This pipeline only runs in GNU/Linux. It's necessary to install the programs used in the pipeline, so users will have to download and setup each program individually and move it into the FunSec's bin directory. Beware that, unfortunately, some of the programs have stopped working properly in most recent Linux Kernel versions. The last kernel version tested was 4.9 LTS, so we recommend using this version to run the script.

Installation

Please follow the instructions below for how to setup up each program.

SignalP 4.1

To download SignalP 4.1, visit this http://www.cbs.dtu.dk/cgi-bin/nph-sw_request?signalp page and download the program for the Unix platform. User should receive a tar.gz file. To untar the file use the following command in your terminal:

tar -zxvf FILE.tar.gz

This will create a directory named signalp-4.1. The directory must be moved into the FunSec's bin directory.

For more instructions, visit this http://www.cbs.dtu.dk/services/doc/signalp-4.1.readme page.

TMHMM 2.0

To download TMHMM 2.0, visit this http://www.cbs.dtu.dk/cgi-bin/sw_request?tmhmm page and download the program for the Unix platform. Users should receive a tar.gz file. To untar the file use the following command in your terminal:

tar -zxvf FILE.tar.gz

This will create a directory named tmhmm-2.0c. The directory must be moved into the FunSec's bin directory.
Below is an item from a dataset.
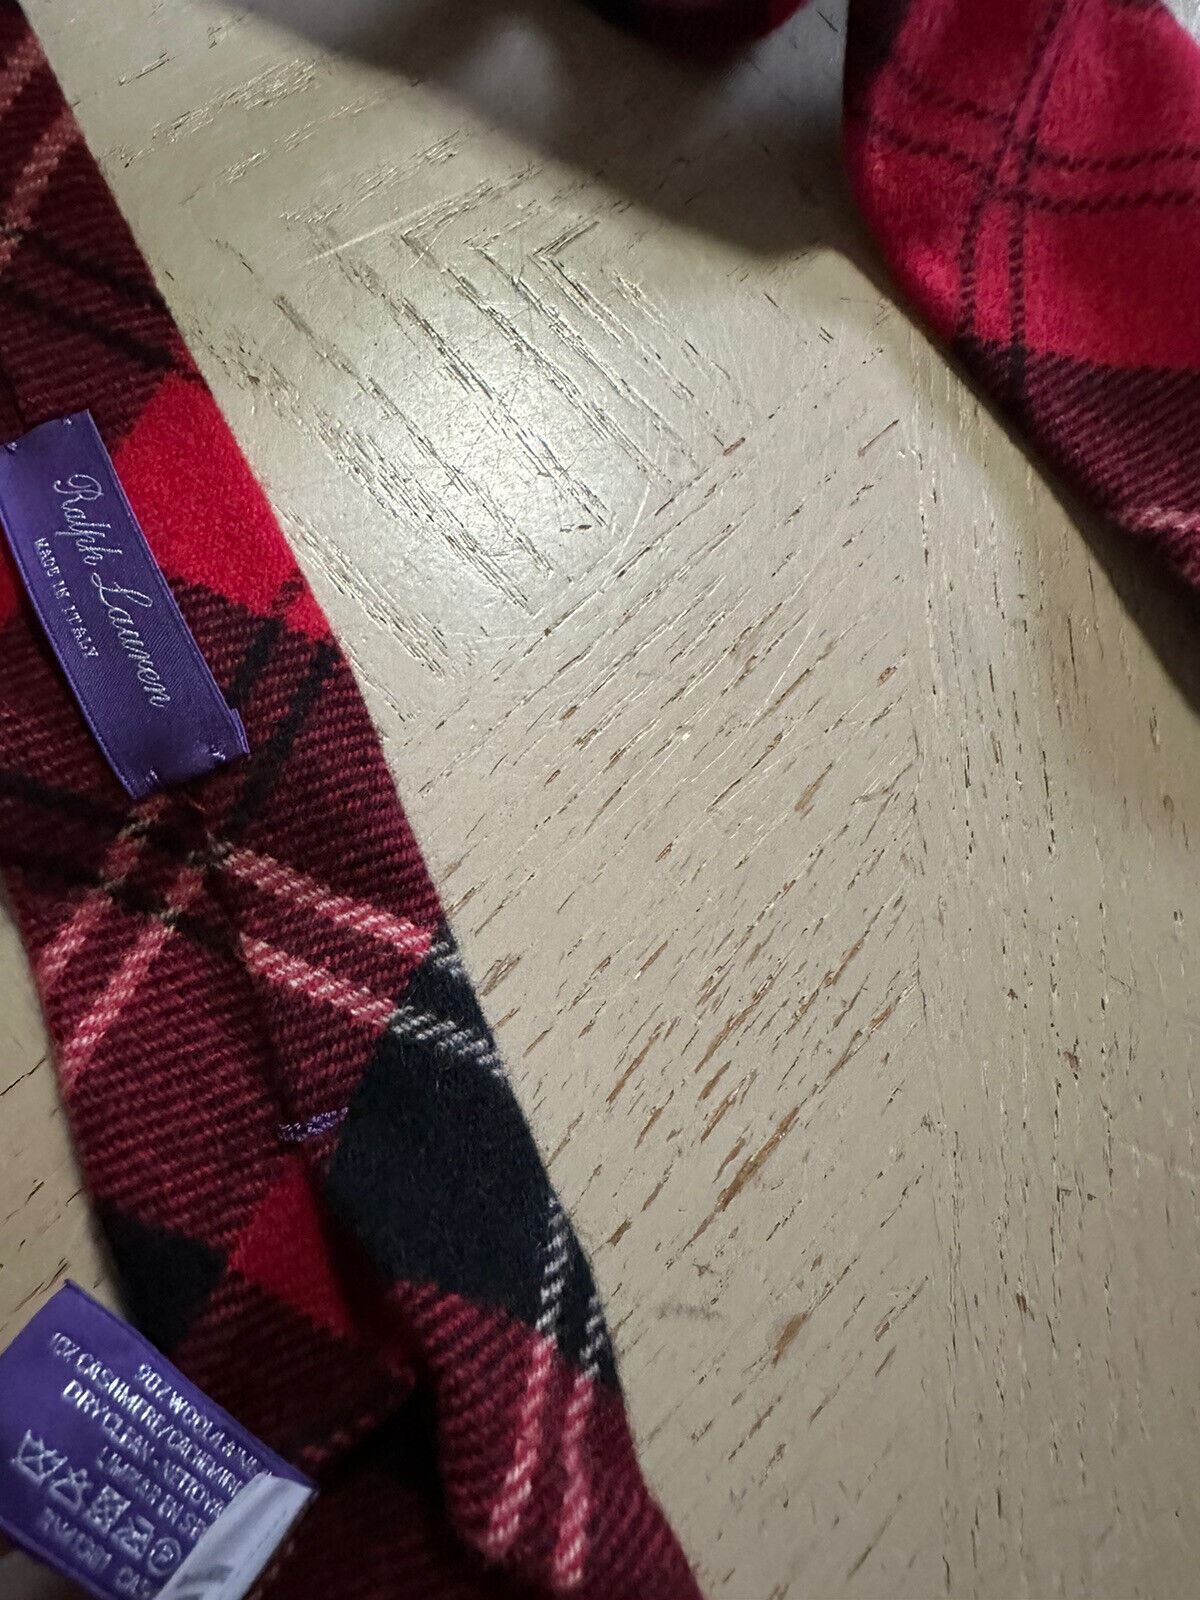 Новый красный галстук с кашемировым воротником Ralph Lauren Purple Label за 265 долларов, сделанный вручную в Италии

For more instructions, visit this http://www.cbs.dtu.dk/services/doc/tmhmm-2.0c.readme page.

Phobius 1.01

To download Phobius 1.01, visit this http://software.sbc.su.se/cgi-bin/request.cgi?project=phobius page. Users should receive a tar.gz file. To untar the file use the following command in your terminal:

tar -zxvf FILE.tar.gz

This will create a directory named tmp, inside it there are two more directories, one of them named phobius. The phobius directory must be moved into the FunSec's bin directory.

WolfPsort 0.2

To download WolfPsort 0.2, visit this https://github.com/fmaguire/WoLFPSort page or use the following command in your terminal:

wget https://github.com/fmaguire/WoLFPSort/archive/master.zip

Users should receive a zip file. To unzip the file use the following command:

unzip FILE.zip

This will create a directory named WoLFPSort-master. The directory must be moved into the FunSec's bin directory.

TargetP 1.1

To download TargetP 1.1, visit this http://www.cbs.dtu.dk/cgi-bin/nph-sw_request?targetp page and download the program for the Linux platform. Users should receive a tar.Z file. To untar the file use the following command in your terminal:

cat targetp-1.1b.Linux.tar.Z | uncompress | tar xvf -

This will create a directory named targetp-1.1b. The directory must be moved into the FunSec's bin directory. Note that TargetP 1.1 requires a short pathname to work, so it is advised to place FunSec in a short pathname directory.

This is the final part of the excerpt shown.